PF: In the rest of the world we have Sonoma in California, which is one of my favorite wineries. One reason is because it’s named after my mother who shares a name with my daughter. We also make Pinot Noir and Chardonnay. It’s very easy to get there from San Francisco. We also have wineries in Argentina, Bordeaux, and Australia.

LG: Do you travel yourself to all these places. That’s a full time job on the plane!

PF: Yes, it’s a full time job on the plane. And also my father is 82 and still extremely active. He travels around to all of the wineries. I was just with him in Argentina last week.

FT: Do you have any idea how many cases of wine you’re responsible for making each year?

PF: Yes I have an idea. [laughing] I know we make 18 million cases of all brands. You need to multiple that times 12, because in each case there are 12 bottles.

FT: I can’t do it in my head but if people are interested I’ll blog about this in the morning.

LG: Ellie, do you mention wine in your program?

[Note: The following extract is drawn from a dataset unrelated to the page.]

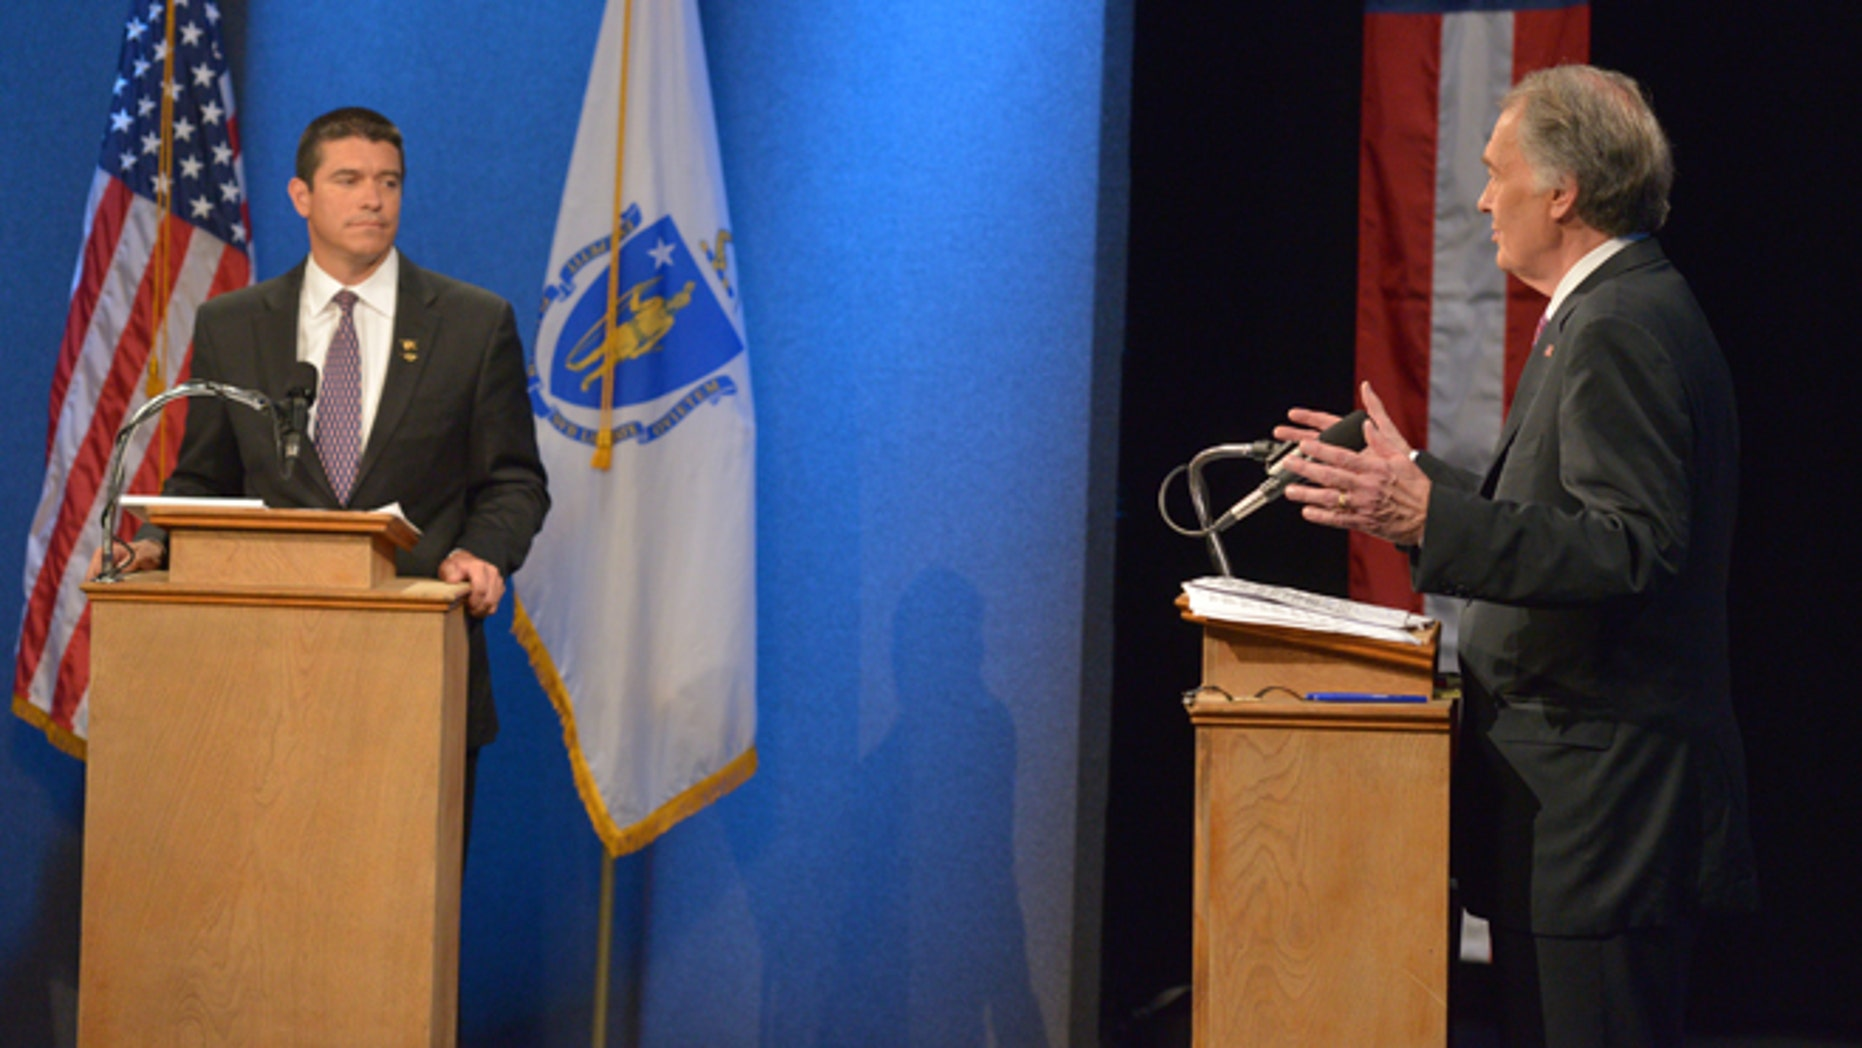 Democratic Congressman Edward Markey, right, and Republican Gabriel Gomez, left.

EK: Yes! I love to drink cava with Asian food. People shouldn’t save it for special occasions. It should be regular everyday bubbly.

FT: That’s a good point. With Cava you can drink it more regularly. A great combination is Cava and fried chicken.

EK: I have this fantastic oven-baked fried chicken recipe. You really have to give it a try.

FT: Pedro, on what occasion would you open a bottle of Freixenet?

PF: For us one tradition we have where I live is every Sunday we get together with my entire family and we have a bottle of Cava there.

LG: What do you eat with it?

PF: Tapas, paella…traditional foods of the region.

LG: Art’s book is called, Back To The Table, The Reunion Of Food And Family. In Europe you get together with the family at least once a week.

PF: Yes.

AS: Yes, it is great.

LG: Ellie I know you have to leave us. Thanks for joining us.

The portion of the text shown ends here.